Director Laura Poitras’ new documentary about Edward Snowden and the NSA, entitled CITIZENFOUR, opens in theaters across the United States tomorrow. There are also sneak peek screenings in Los Angeles, San Francisco, New York, and Washington DC tonight. You can see where the film is playing near you this weekend by going here.
Besides Edward Snowden, the film features Glenn Greenwald and William Binney, along with Kevin Bankston, Jacob Appelbaum, Ewen MacAskill, Julian Assange, Ladar Levison, David Miranda, Jeremy Scahill, and Lindsay Mills.
The film is an enthralling look a truly historic moment in journalism and the political earthquake that followed, but since Poitras, Greenwald, and Snowden are on our board of directors, do not just take our word for it. The film has received rave reviews from film, art, culture, and political reporters since its world premiere at the New York Film Festival on October 10. You can read excerpts from all of the major reviews on Rotten Tomatoes. Here are a few that were published today:
RogerEbert.com’s Geoffrey Cheshire:
Though superlatives can mischaracterize any movie’s qualities, it is not an overstatement, I think, to call “Citizenfour,” Laura Poitras’ film about Edward Snowden, the movie of the century (to date)…

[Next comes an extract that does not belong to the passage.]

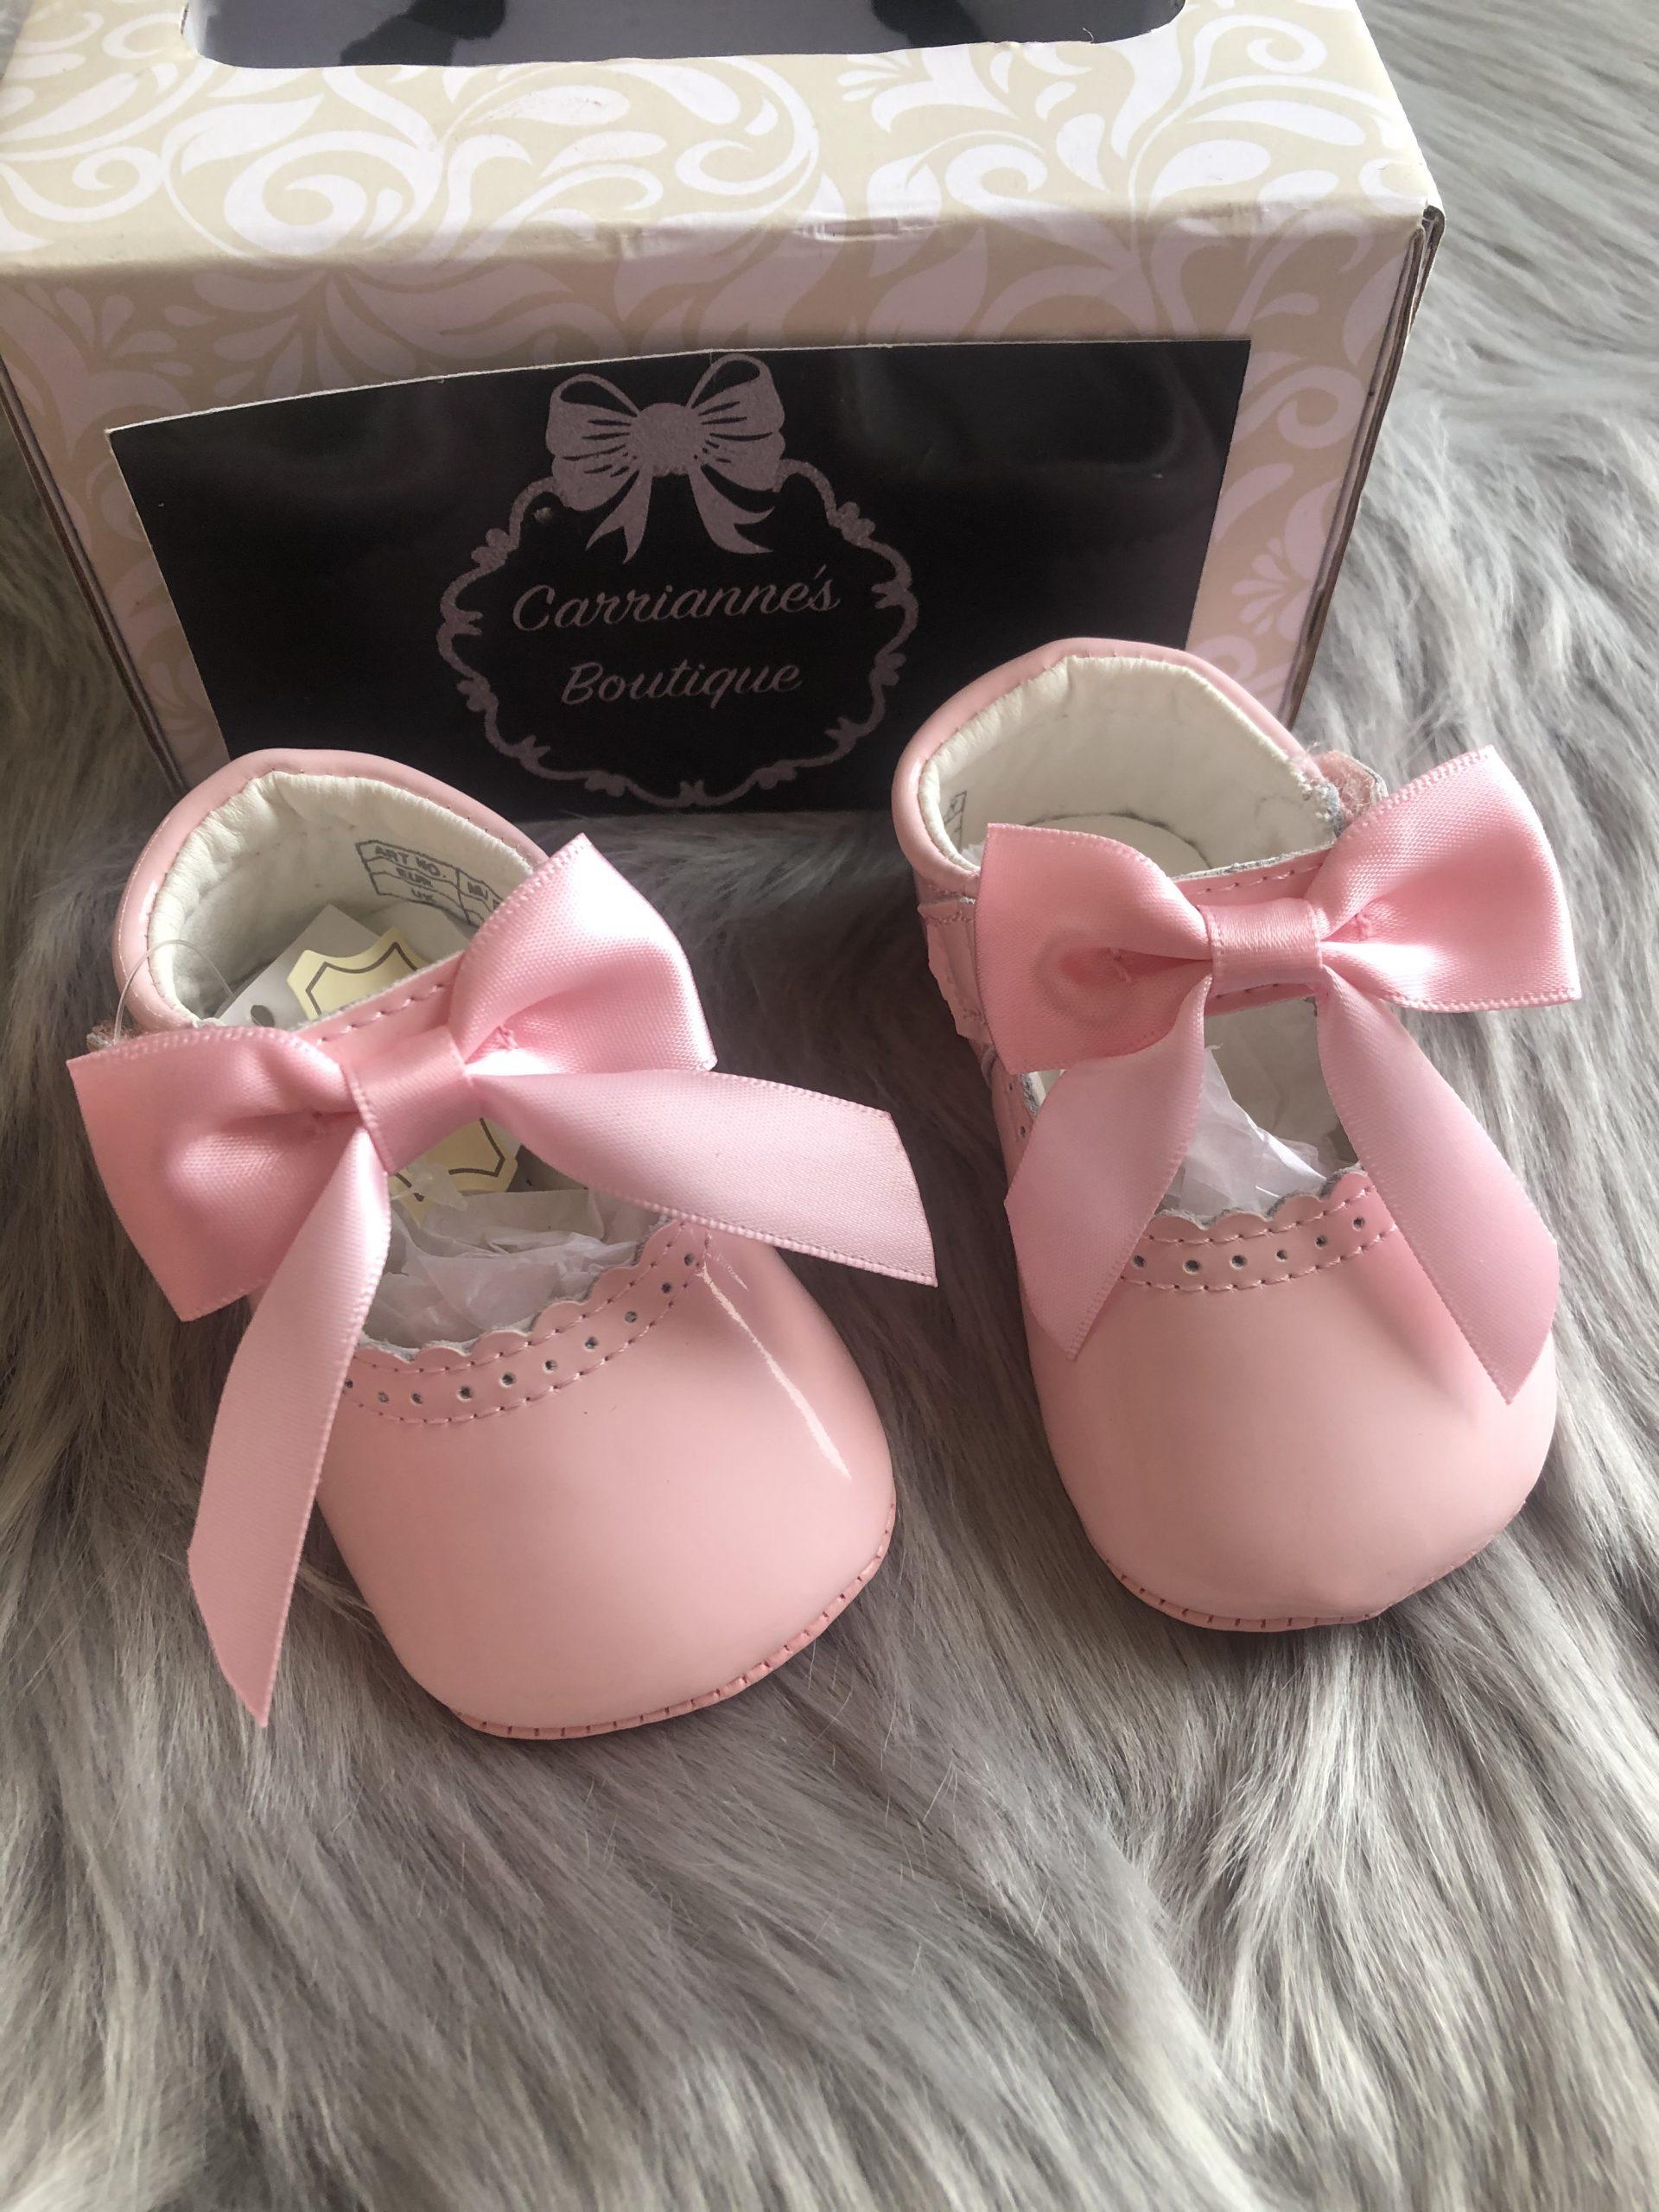 Patent pink pram shoes - Carrianne's

Indeed, no film has ever been historic in quite the way this one is, since it tells a story in which the filmmaker and her work play a crucial part. It’s as if Daniel Ellsberghad a friend with a movie camera who filmed his disclosure of the Pentagon Papers every step of the way. Or if the Watergate burglars had taken along a filmmaker who shot their crimes and the cover-up that followed. Except that the issues “Citizenfour” deals with are, arguably, a thousand times more potent than Vietnam or Watergate.
The Washington Post’s Anne Hornaday:
Whether you think Edward Snowden is a hero or a traitor, you should see the riveting documentary “Citizenfour,” at the very least to get to know better the young man who just a little over a year ago became one of the most pivotal — and shadowy — figures on the geopolitical stage.
The New York Times’ A.O. Scott:
Cinema, even in the service of journalism, is always more than reporting, and focusing on what Ms. Poitras’s film is about risks ignoring what it is. It’s a tense and frightening thriller that blends the brisk globe-trotting of the “Bourne” movies with the spooky, atmospheric effects of a Japanese horror film. And it is also a primal political fable for the digital age, a real-time tableau of the confrontation between the individual and the state.
Next week, the film plays in cinemas across Britain and the following week in Germany, with more countries to follow soon. More US cities will be added over time. It all depends on how the opening weekend goes so if you are in DC, LA, NY or San Francisco, so please head out to the theater to support it.
CITIZENFOUR will broadcast on HBO in the US, Channel 4 in the UK, and NDR in Germany starting in Spring 2015.